Pine Nuts and Pistachios
Makes 2 cups
A handful of this buttery, spicy, peppery mix goes great with a beer and a football afternoon. Adapted from "Party Nuts!" by Sally Sampson (Harvard Common Press, 2002).
2 tablespoons vegetable oil
2 cups mixed raw cashews, pine nuts and shelled pistachios*
2 teaspoons cumin seeds or
1 teaspoon ground cumin
1 teaspoon coarse kosher salt
1/2 teaspoon cayenne pepper
1/4 teaspoon freshly ground black pepper
Have ready a rimmed baking sheet lined with paper towels.
In a large, heavy-bottomed skillet over medium-high heat, heat the oil.

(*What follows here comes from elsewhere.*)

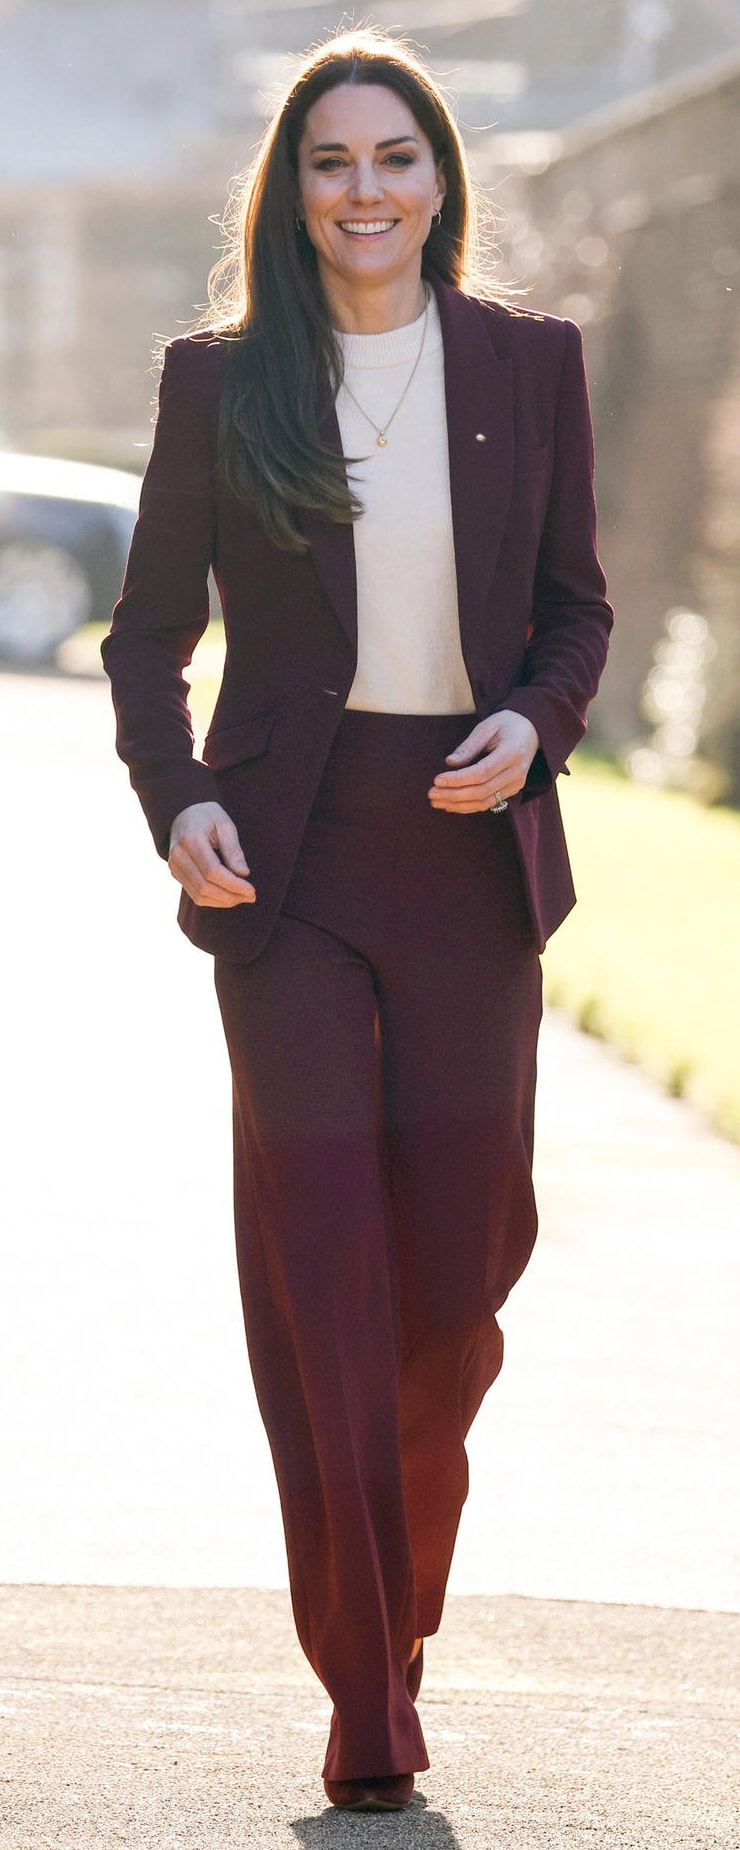 Roland Mouret Single-Breasted Stretch-Cady Blazer in Maroon - Kate Middleton  Outerwear - Kate's Closet

Add the nuts, stirring constantly until they turn reddish-brown, 2 to 3 minutes. Add the cumin and cook until the nuts turn brown, about 30 seconds.
Using a slotted spoon, transfer the nuts to the paper towels to drain. Sprinkle with the salt, cayenne and black pepper. Set aside to cool for 1 hour before storing.
*NOTE: Raw cashews and pistachios are available at Trader Joe's.
Per 1/4-cup serving: 206 calories, 6 g protein, 7 g carbohydrates, 19 g fat, 0 mg cholesterol, 3 g saturated fat, 416 mg sodium, 2 g dietary fiber
Recipe tested by Bonnie S. Benwick; e-mail questions to email@example.com
To make this all-purpose recipe, combine 1 cup sour cream, 1/4 cup mayonnaise, 1 clove minced garlic, 1 tablespoon chopped chives, a dash of Worcestershire sauce and salt and pepper to taste in a medium bowl. Cover and refrigerate until ready to serve.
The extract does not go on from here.